Anonymous January 08, 2022 (Sat) 17:37:22 No. 4

Complex numbers are just

\mathbb{R}^2

with an appropriately defined multiplication.

Anonymous February 01, 2022 (Tue) 18:19:45 No. 5

>>3
what do you not understand? the solution for

x^2=-1

Anonymous February 09, 2022 (Wed) 00:30:34 No. 6

When you build a "larger" structure out of a smaller one a copy of the original "smaller" structure is often still present. So complex numbers with no i component are just a copy of real numbers.

Anonymous February 25, 2022 (Fri) 20:21:11 No. 7

It reads like it claims that imaginary numbers enable us to find a solution in term of real numbers.
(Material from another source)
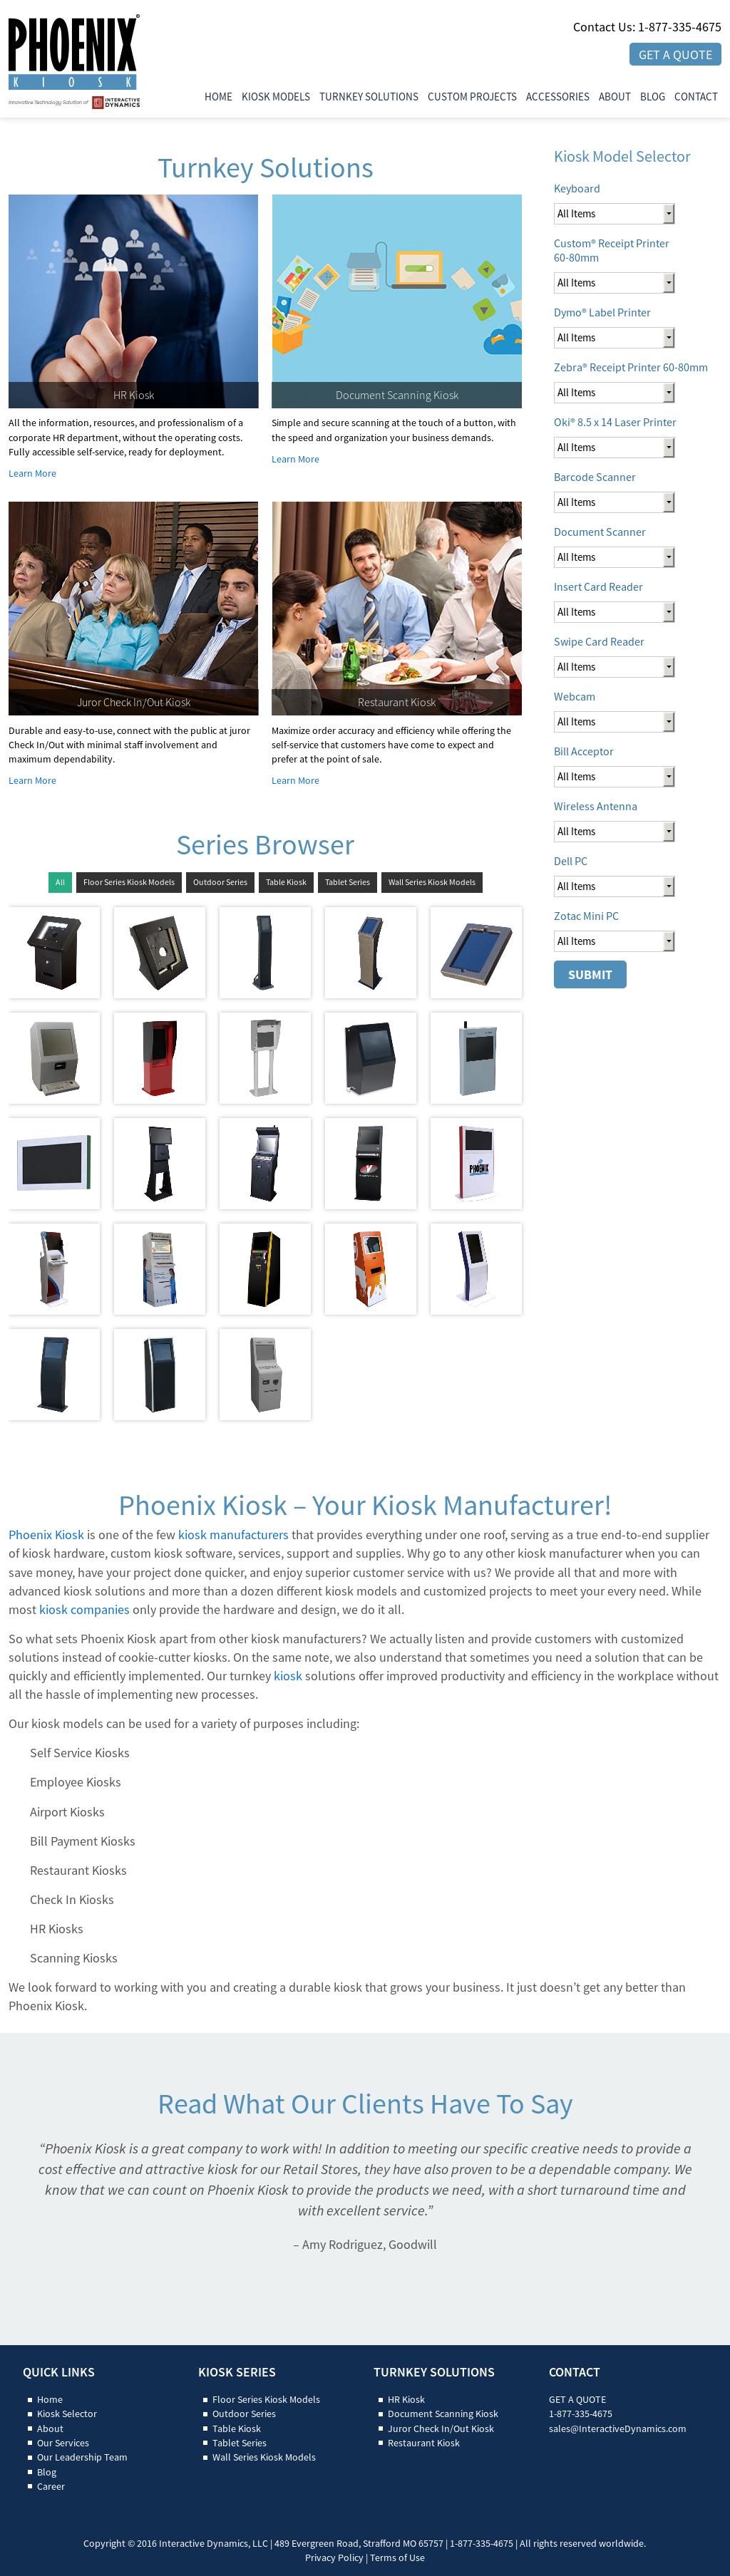 Phoenix Kiosk Competitors, Revenue and Employees - Owler Company Profile

Anonymous April 17, 2022 (Sun) 17:15:25 No. 8

>>3
>what did he mean by this?
1) All he's doing is writing [math]\mathbb{C} = a + bi \mid a, b \in \mathbb{R}[/math] as 2-tuples [math](a, b)[/math]. The first paragraph is stating something that is otherwise obvious - the subset of complex numbers that have no imaginary part are exactly the real numbers. What separates. [math]\mathbb{C}[/math] from [math]\mathbb{R}^2[/math] with the obvious usual operations entrywise is that imaginary multiplication is different.